Supplied material:

-------------------------

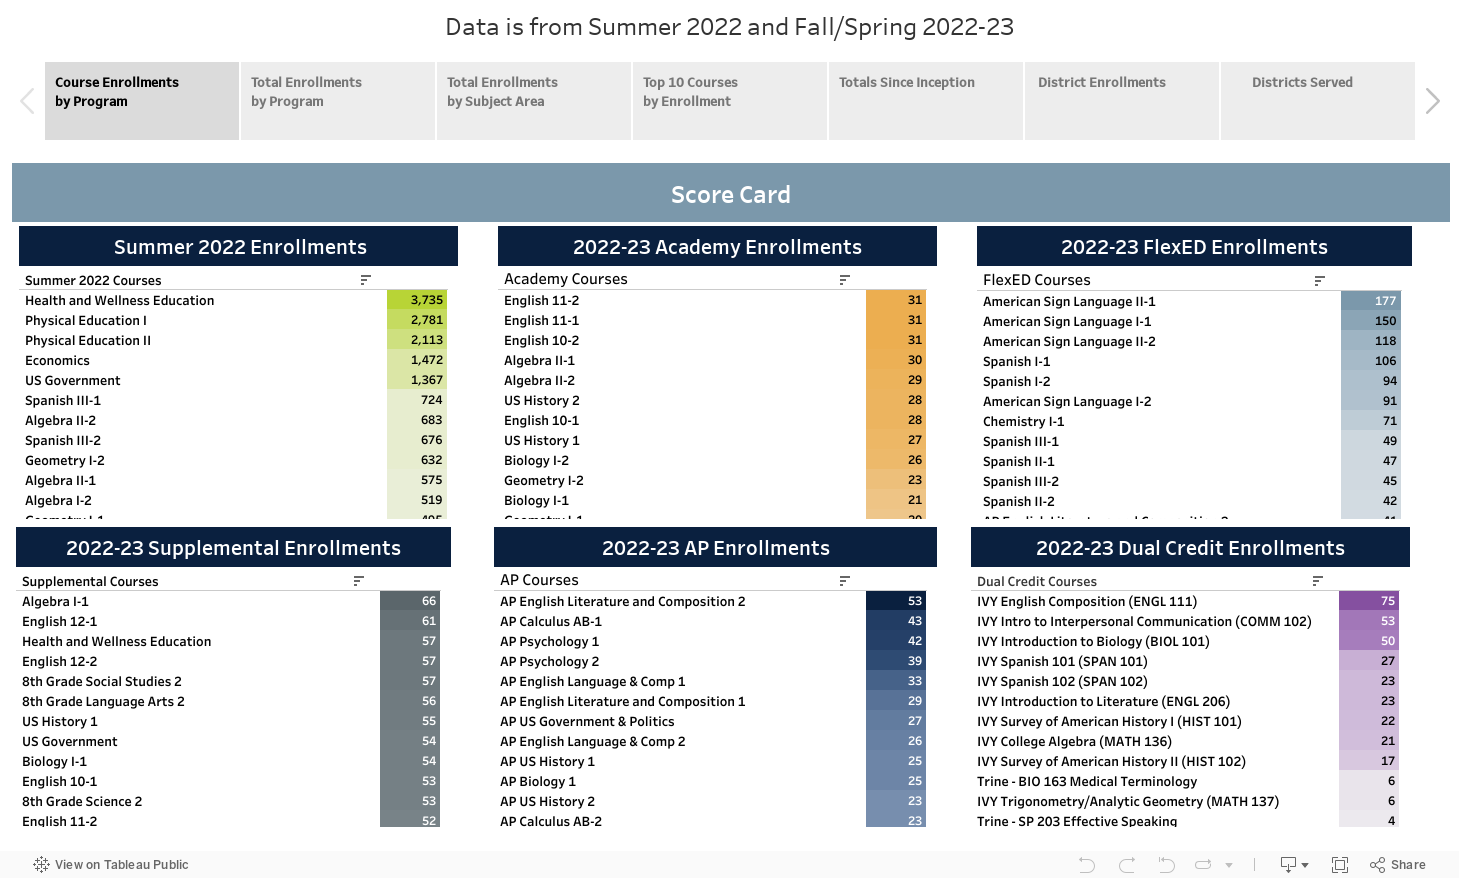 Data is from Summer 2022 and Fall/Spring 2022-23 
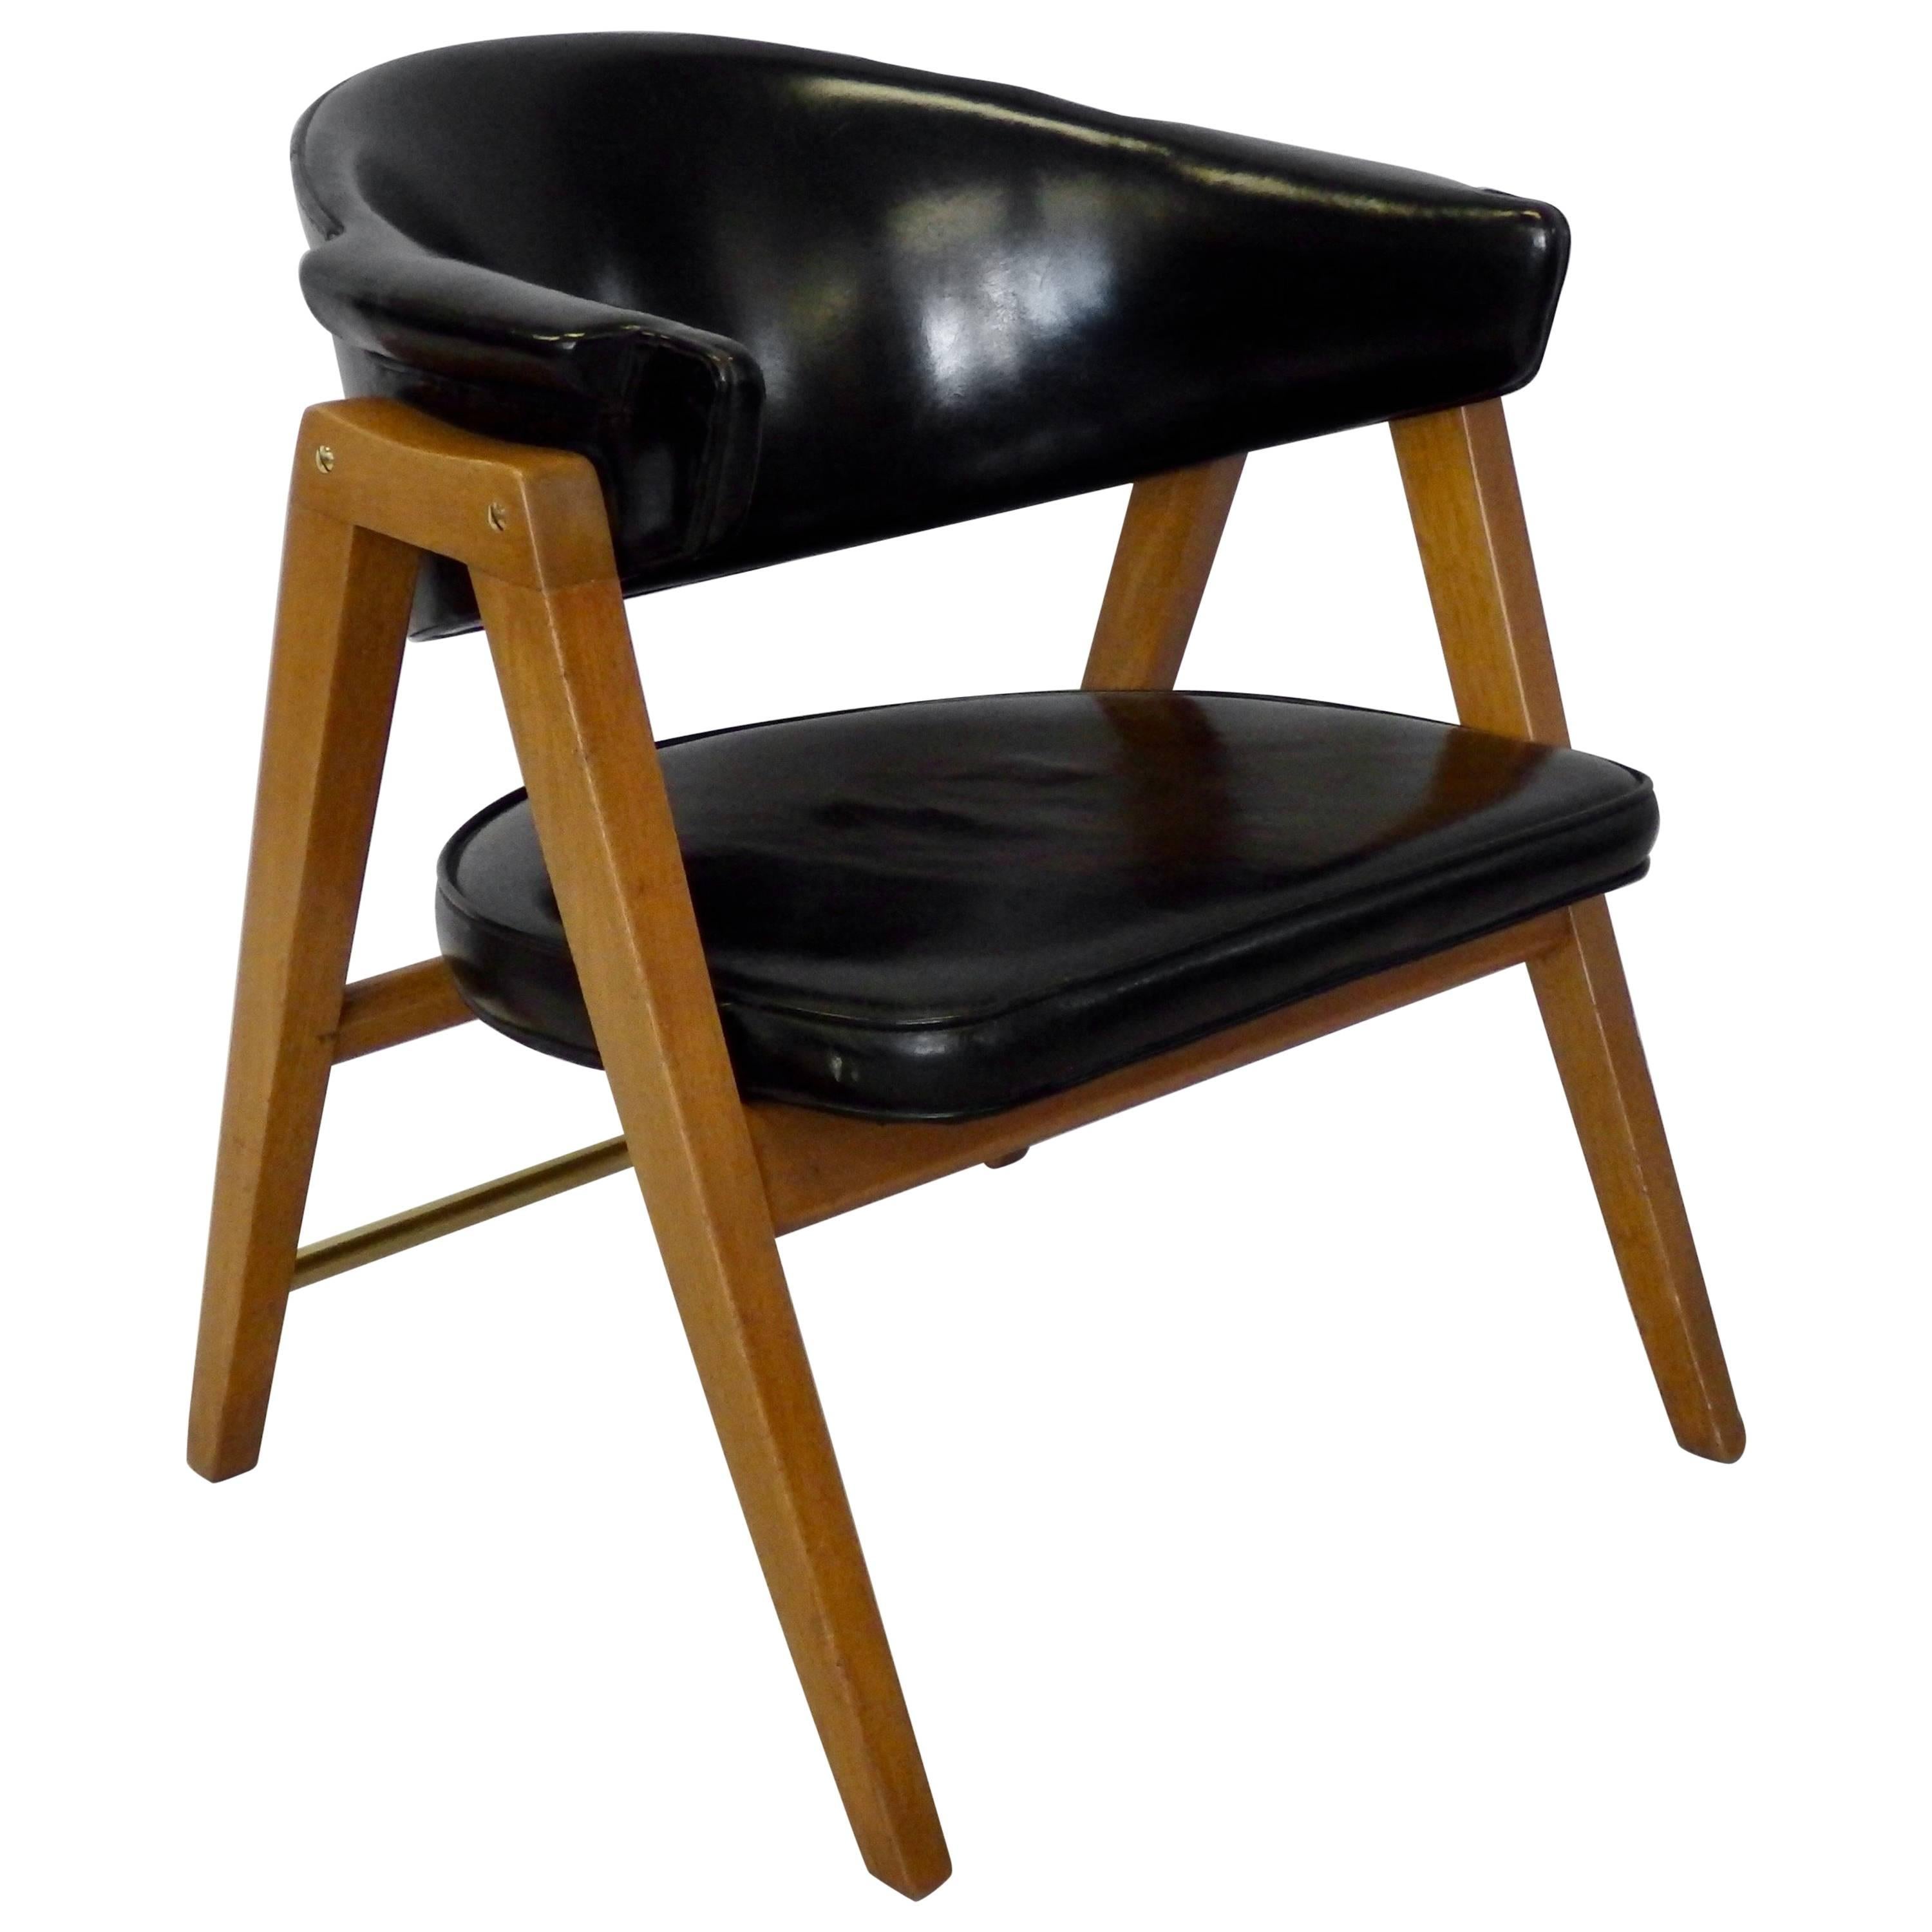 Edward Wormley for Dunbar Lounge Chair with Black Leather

-------------------------

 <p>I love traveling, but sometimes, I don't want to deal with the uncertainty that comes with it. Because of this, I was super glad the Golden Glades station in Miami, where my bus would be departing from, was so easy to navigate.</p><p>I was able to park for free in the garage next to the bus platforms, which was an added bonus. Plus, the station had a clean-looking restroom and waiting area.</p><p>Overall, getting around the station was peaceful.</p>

-------------------------

Work instruction: In the listing above, find the line holding "Data is from" and the line holding "Edward Wormley for". Reproduce those two lines and all between them exactly, leaving out pictures.

Answer:
 Data is from Summer 2022 and Fall/Spring 2022-23 
 Edward Wormley for Dunbar Lounge Chair with Black Leather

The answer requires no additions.